Your assignment: Below is a listing; repeat exactly the lines from the one containing "Ladies wedge sandals" to the one containing "4262463e643 Dune Dark", both included.

Data shown:
::::::::::
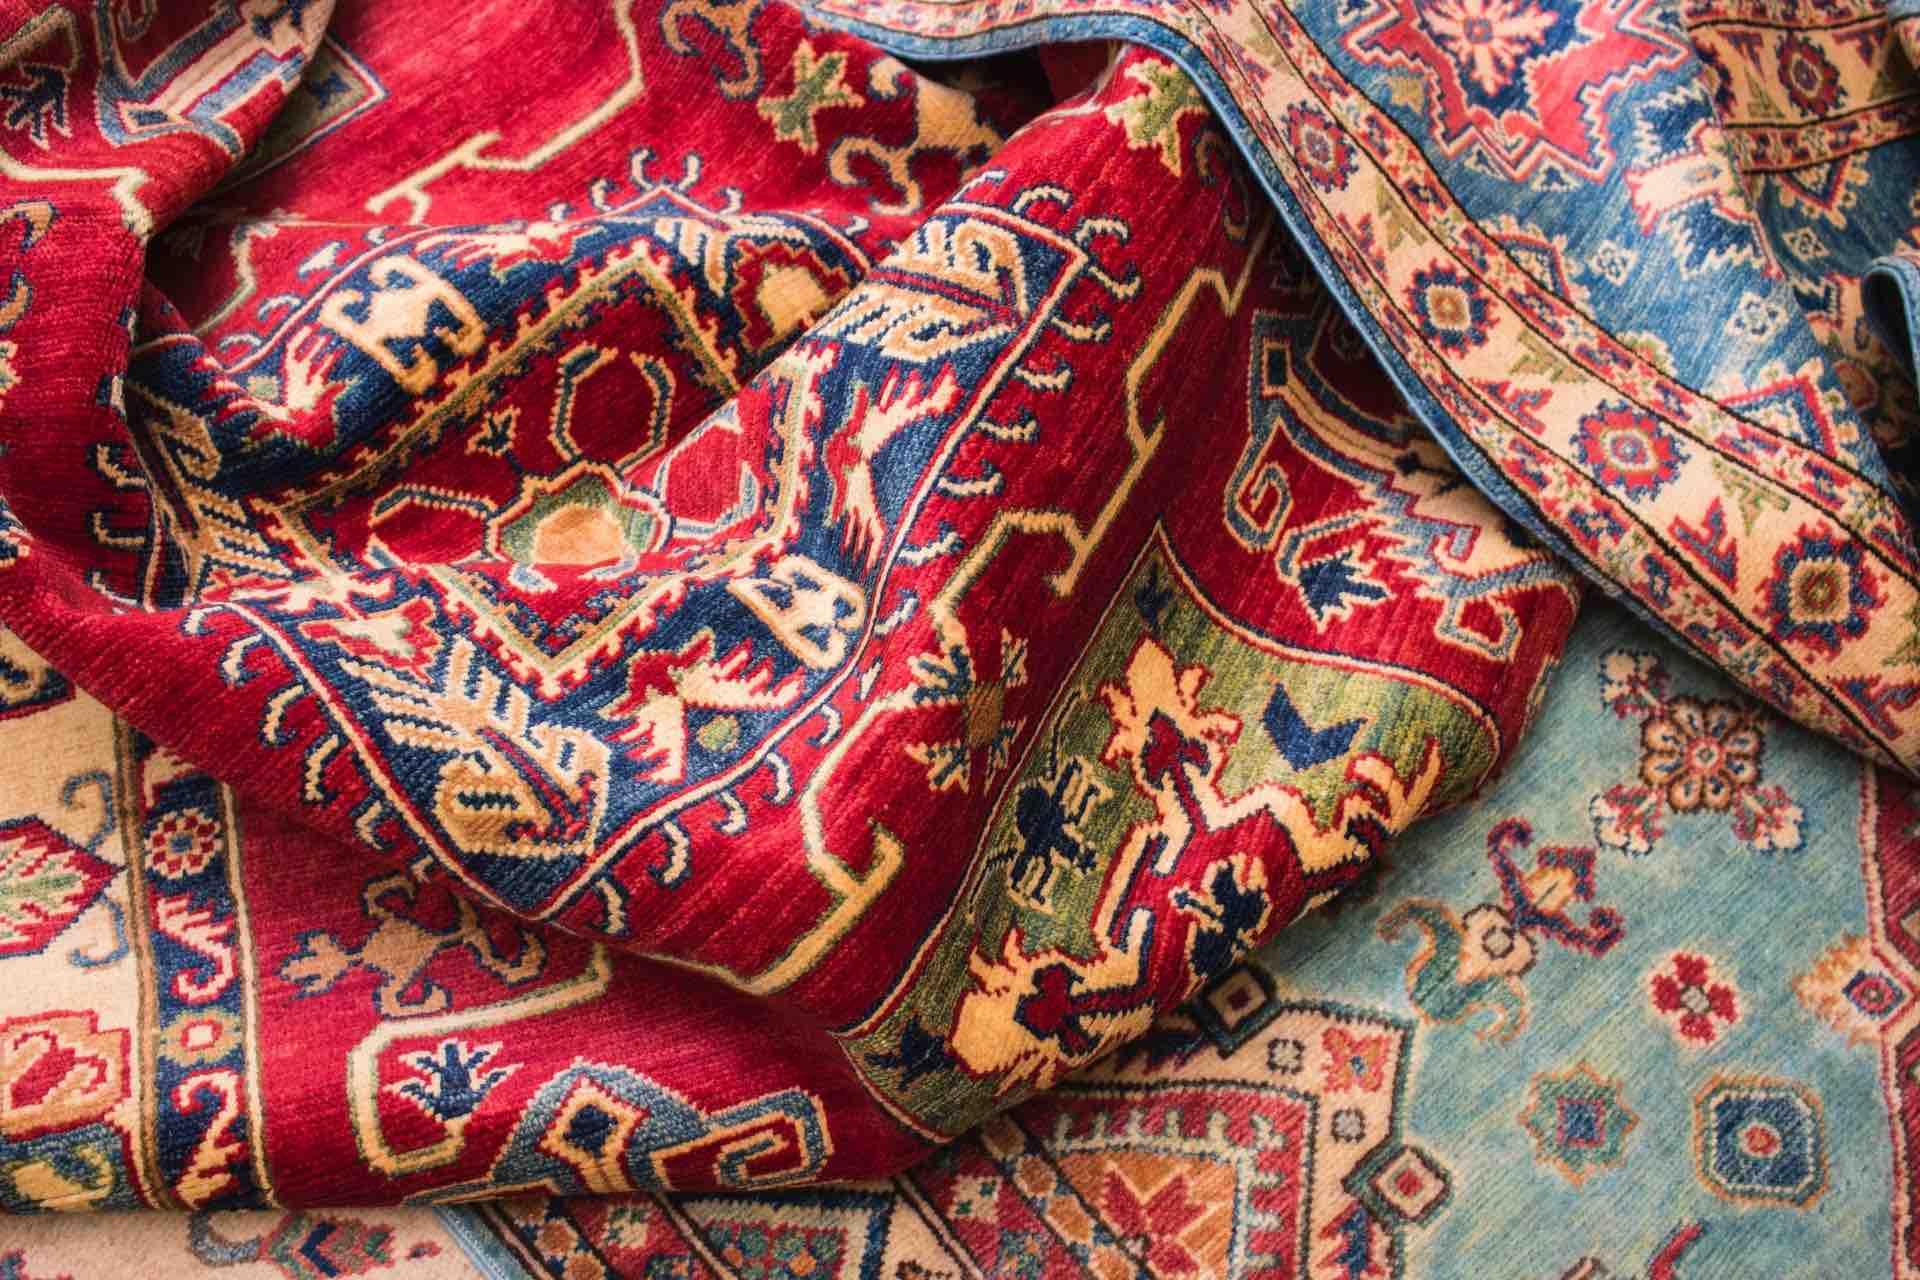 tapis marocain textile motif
::::::::::
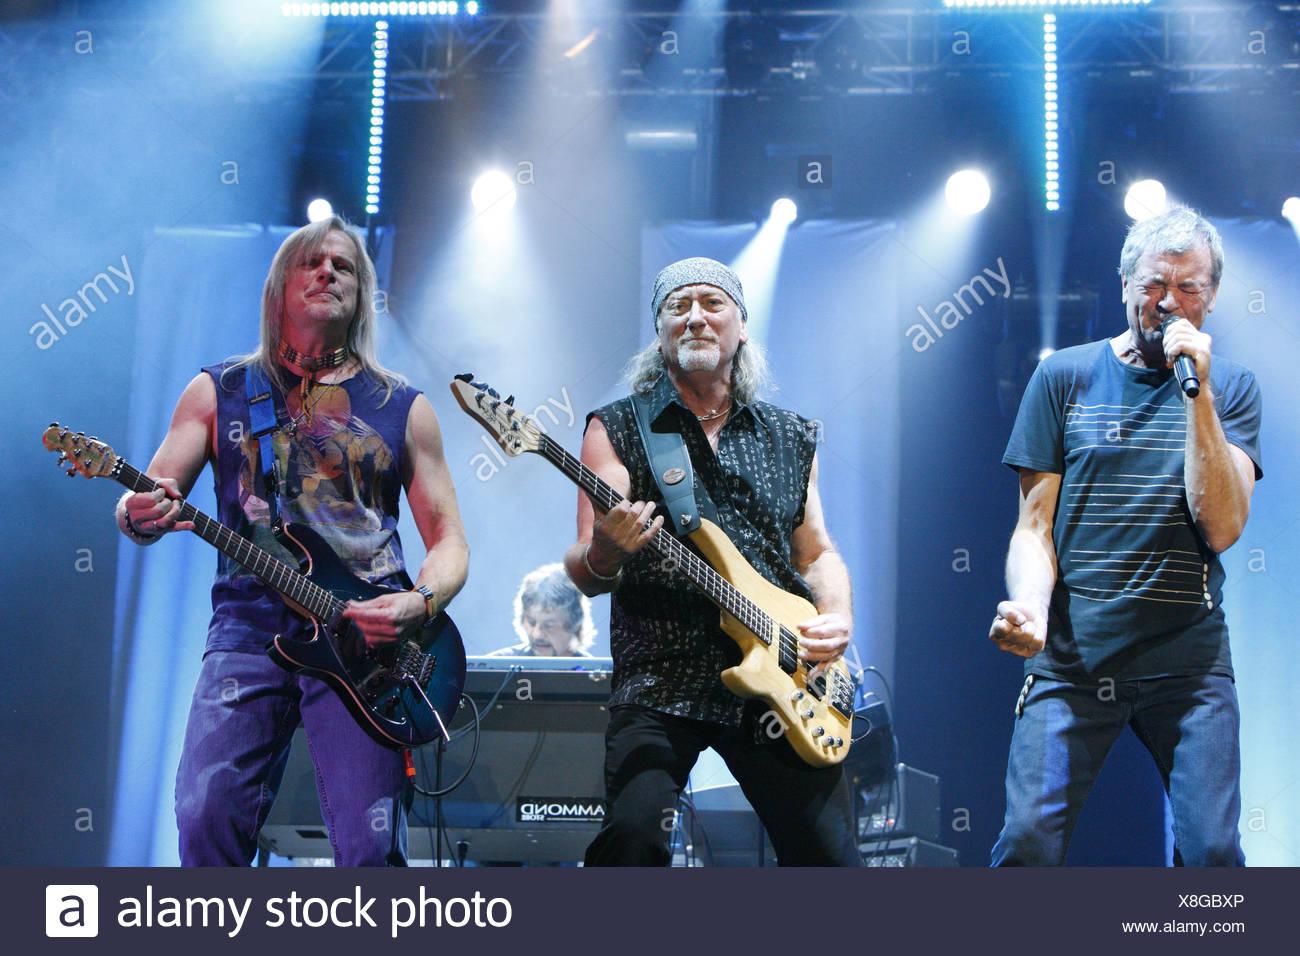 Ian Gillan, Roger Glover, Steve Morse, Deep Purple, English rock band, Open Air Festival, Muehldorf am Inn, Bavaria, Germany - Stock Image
::::::::::
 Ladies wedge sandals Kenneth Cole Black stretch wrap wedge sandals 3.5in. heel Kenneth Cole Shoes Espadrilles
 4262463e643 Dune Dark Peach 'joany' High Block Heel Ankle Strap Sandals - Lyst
::::::::::
Response:
 Ladies wedge sandals Kenneth Cole Black stretch wrap wedge sandals 3.5in. heel Kenneth Cole Shoes Espadrilles
 4262463e643 Dune Dark Peach 'joany' High Block Heel Ankle Strap Sandals - Lyst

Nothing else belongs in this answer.